A new study in the Journal of the American Medical Association  concludes that diverting patients from overcrowded hospital Emergency Rooms (ERs) is linked to a 3 percent higher risk of death for heart attack patients. The study was based upon 14,000 medicare patients in California.

"For every hundred patients there are three avoidable deaths," said Dr. Renee Hsia, an emergency physician at the University of California, San Francisco who led the study.  "Now we actually have empirical evidence to show crowding affects patients in a very real way," Hsia told Reuters.

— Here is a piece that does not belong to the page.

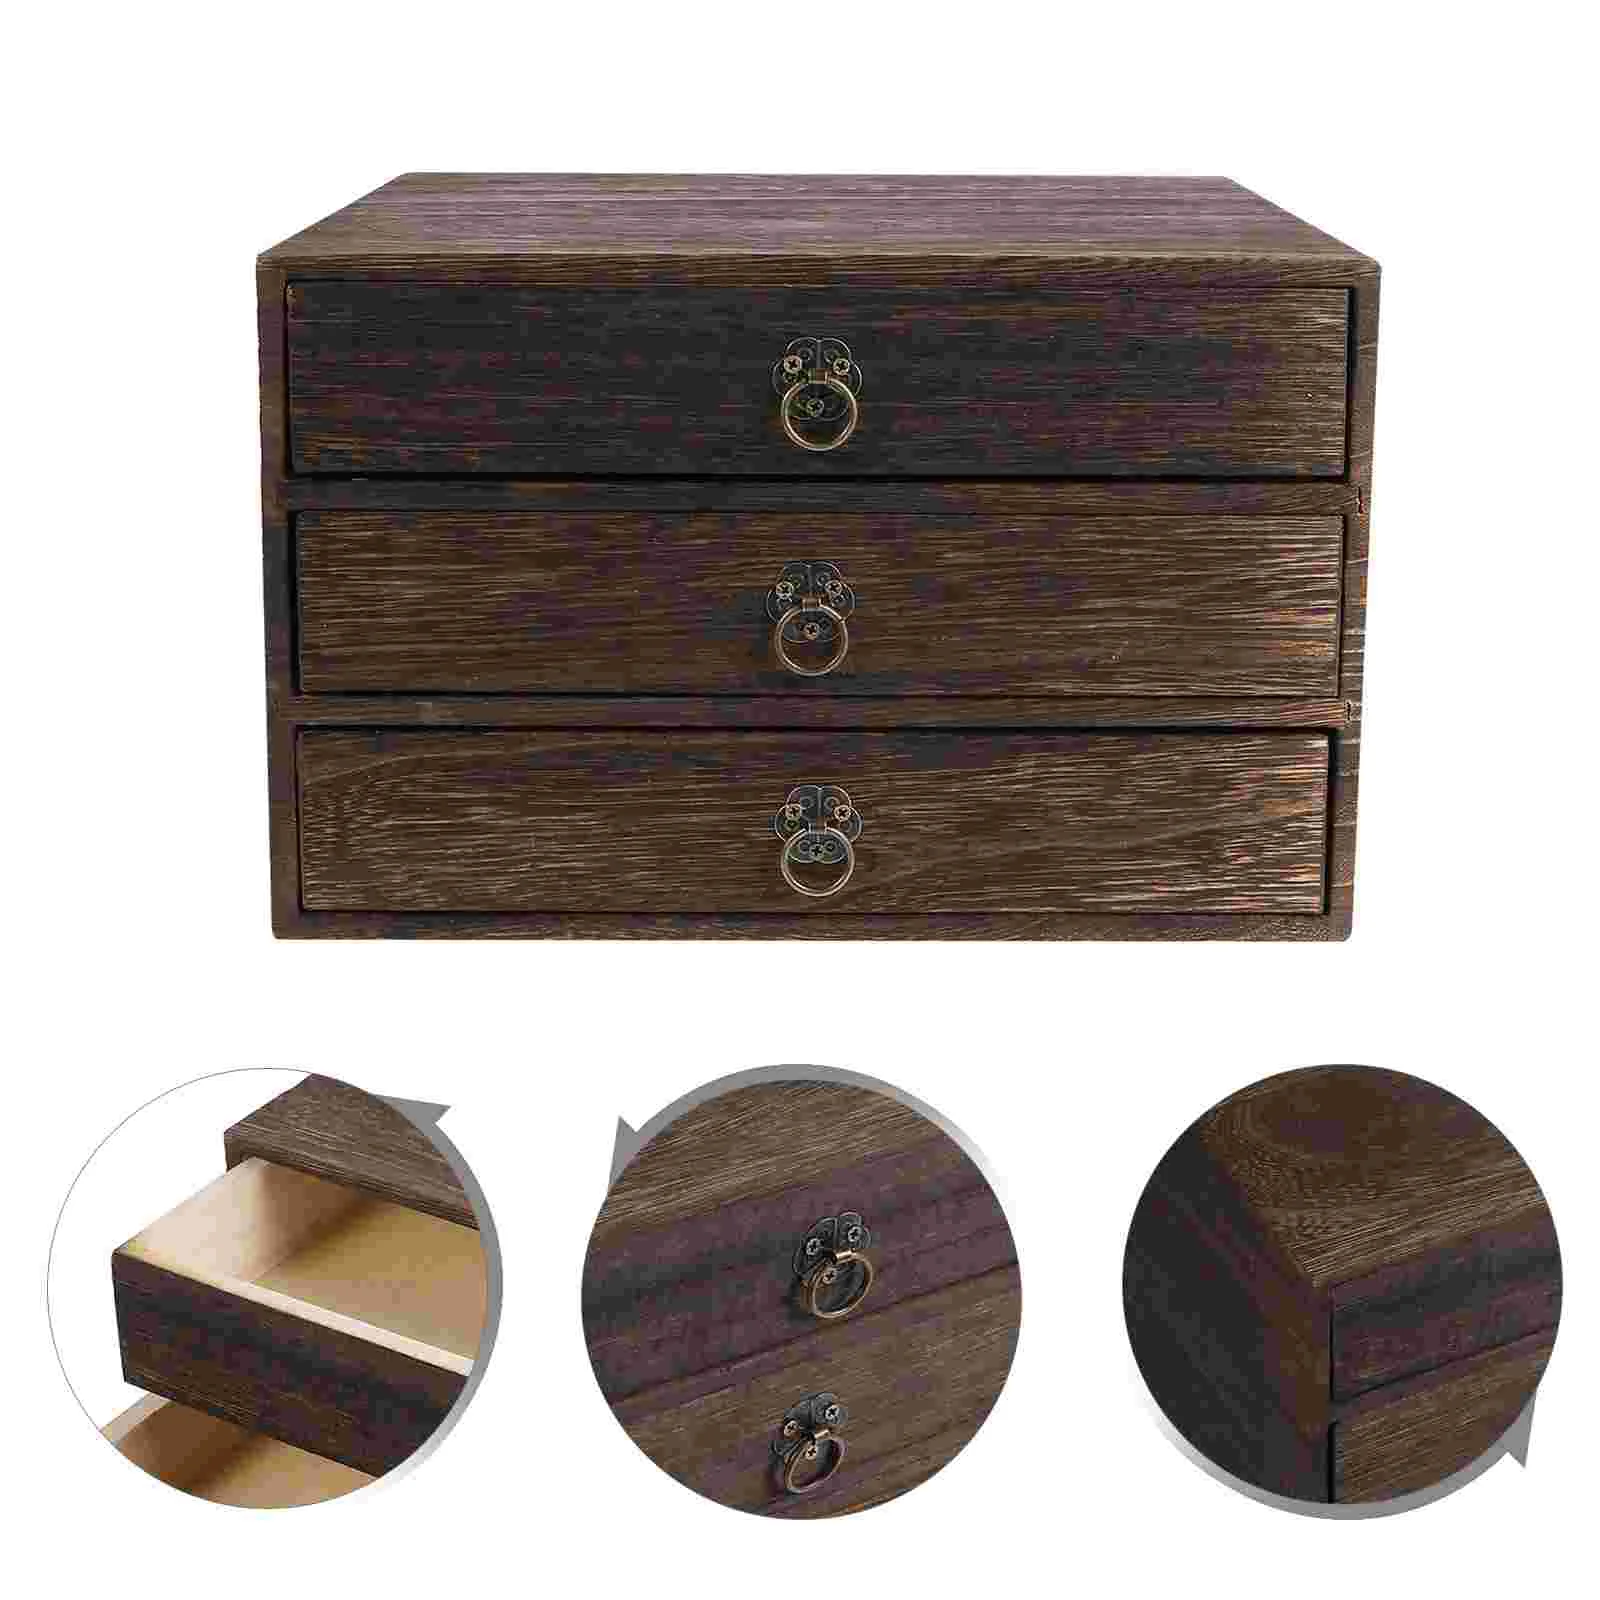 

Vintage Wood Jewelry Organizer Box Organizing Box Multi-Layer Drawer Type Jewelry Storage Case Dustproof Document Box With

"We know as practitioners it's very unpleasant to work when it's crowded," said Hsia. "You kind of know that you're not able to give patients enough attention because everybody is running around. Now we know we have to pay more attention to this, because patients are dying from it."

Steven L Bernstein of Yale University School of Medicine told Reuters that ambulance diversion is a reasonable proxy for crowding, and that the new findings should be a wake-up call to both patients and policymakers.  "You should ask your local hospital what it's doing about diversion and crowding, because your life might depend on it."

ER overcrowding is definitely an issue in Ontario: in fact it may be worse. At 97.9%, Ontario also has a much higher level of hospital bed occupancy than the USA. As a result of this extraordinarily high bed occupancy, Ontario typically has about 600 patients clogging up the ERs as they patiently wait for a hospital acute care bed to become available.